I have a fixed width piece of data which can be repeated any number of times, embedded in XML.

each piece of data is of the format:

2234599999920210930

So 5 digits, followed by 6 digits, followed by 8 digits.

So it could also be:

11111222222333333334444455555566666666

Where 2 sets of fixed width data has been entered.

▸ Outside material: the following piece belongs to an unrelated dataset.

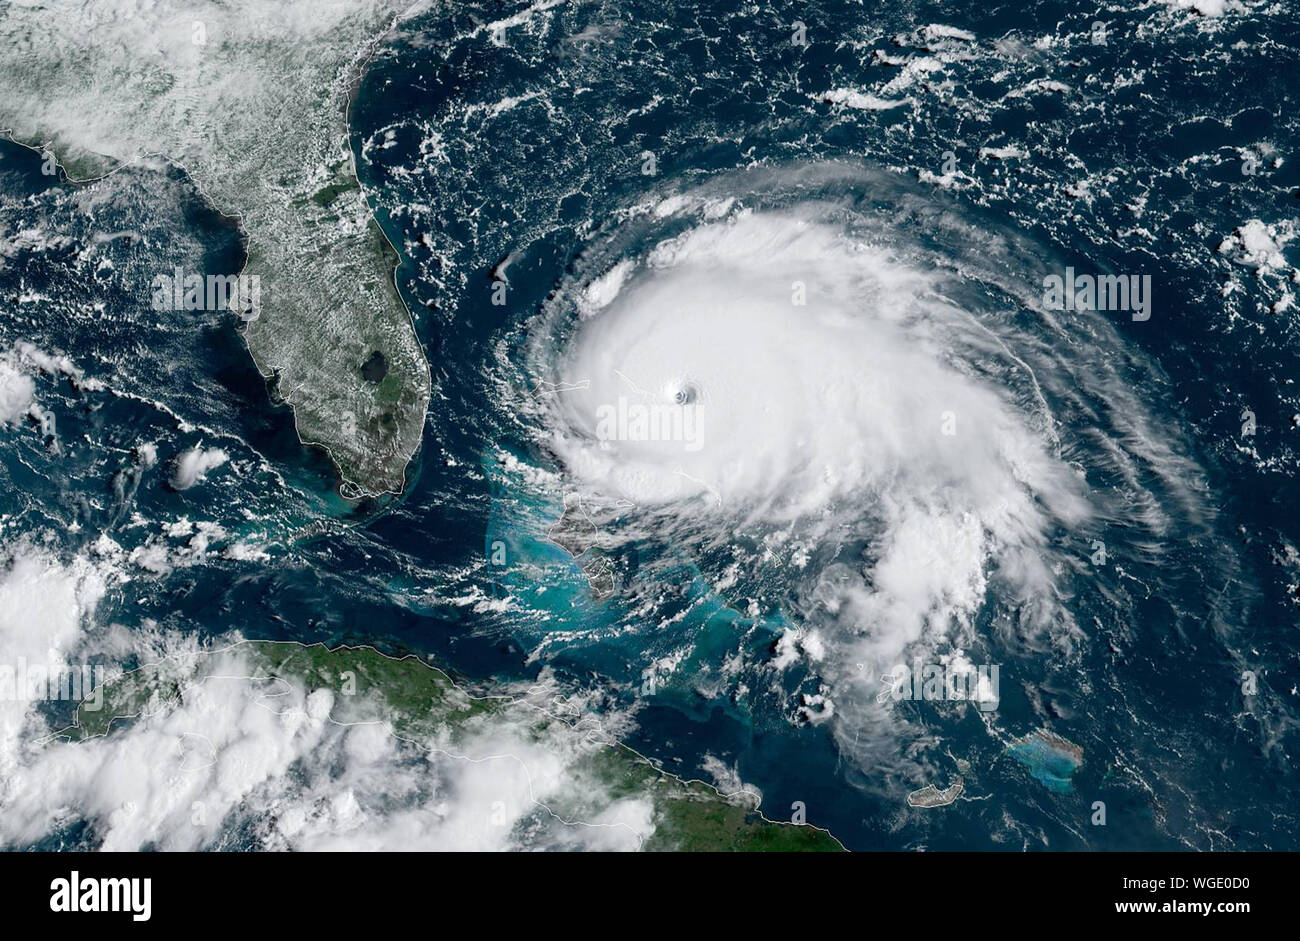 Florida, USA. 01 Sep, 2019. Hurricane Dorian ist durch die NOAA-Satelliten erfasst geht um 10:10 Uhr EST am 1. September 2019, etwa 200 km östlich von West Palm Beach, Florida. Die gesammelten Daten aus einer Air Force Hurricane Hunter Ebene weisen darauf hin, dass die maximale unterstützte Winde zugenommen haben in der Nähe von 160 mph (260 km/h). Dorian ist jetzt ein Hurrikan der Kategorie 5 auf der Saffir-Simpson-Skala Wind. Quelle: UPI/Alamy leben Nachrichten Stockfoto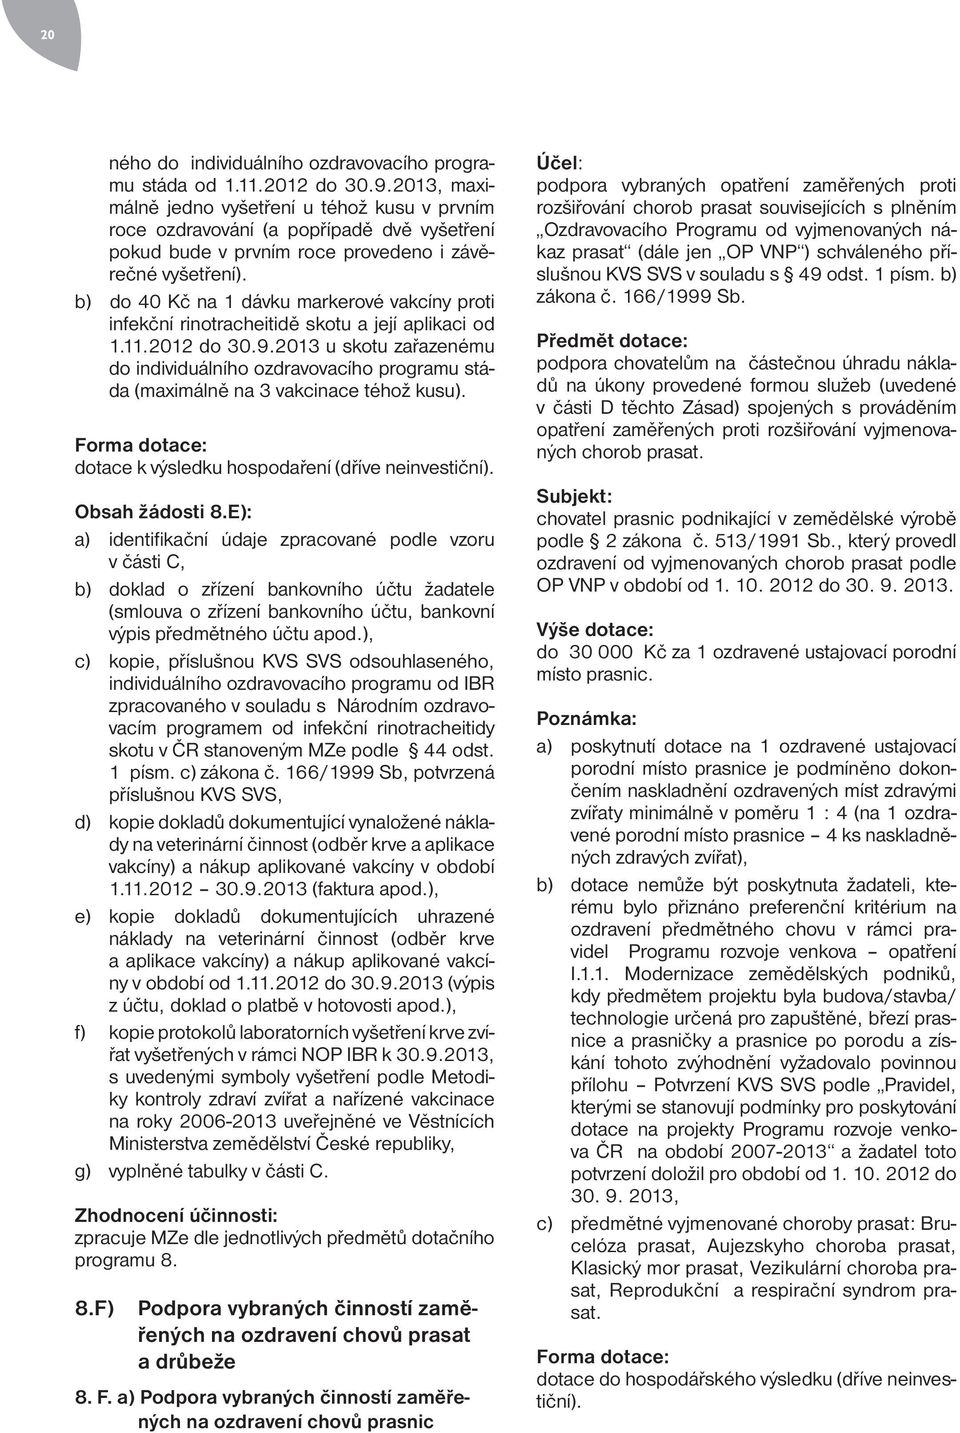 b) do 40 Kč na 1 dávku markerové vakcíny proti infekční rinotracheitidě skotu a její aplikaci od 1.11.2012 do 30.9.

The data always resides between the same tags:

<content>12345999999202109302234599999920210930</content>

I want to get each group of data out with the subgroups named, id1, id2, id3. So for my second example I would have:

id1 : 11111
id2 : 222222
id3 : 33333333

id1 : 44444
id2 : 555555
id3 : 66666666

I have tried:

<content.*>((?P<id1>[a-zA-Z0-9]{5})(?P<id2>[a-zA-Z0-9]{6})(?P<id3>[a-zA-Z0-9]{8})) <\/content>

Which finds the data between the content, but only ever gives me the last set of groups.

An example is at

https://regex101.com/r/We49Sc/1

Any help really appreciated

CodePudding user response：

Obligatory don't use regex with HTML.

That aside, if you do use an XML/HTML parser to get the contents of the <content> tags and you can guarantee that you only have fixed length strings, you're probably better just splitting that into fixed lengths as expected by your format.

>>> x = "qwertyui"
>>> chunks, chunk_size = len(x), len(x)/4
>>> [ x[i:i chunk_size] for i in range(0, chunks, chunk_size) ]
['qw', 'er', 'ty', 'ui']

Split string into fixed lengths - Alexander

CodePudding user response：

You really should be using an XML parser. But I present the following for any instructive value it might have for those situations where using an XML parser would not be applicable:

If you use the regex package installable from the PYPI repository, additional regex capabilities are provided that are available with the regex engines that come with the PHP and Perl languages.

See Regex Demo

import regex as re

# Use re.X (re.VERBOSE) flag where whitespace within the pattern is ignored
# and you can add comments:
pattern = """(?x)
(?:
    <content[^>]*>      # Matches '<content ...>
    |                   # OR
    \G                  # Either the start of the search (start of string) of the last match
    (?!\A)              # But not the start of string -- so therefore the only last match
)
\K                      # Don't match anything prior to this point
(?P<id1>[0-9]{5})
(?P<id2>[0-9]{6})
(?P<id3>[0-9]{8})
(?=.*</content>)        # followed eventually by </content>
"""

s = '<content>12345999999202109302234599999920210930</content>'

for m in re.finditer(pattern, s):
    print(m['id1'], m['id2'], m['id3'])
# or
print(re.findall(pattern, s))

Prints:

12345 999999 20210930
22345 999999 20210930
[('12345', '999999', '20210930'), ('22345', '999999', '20210930')]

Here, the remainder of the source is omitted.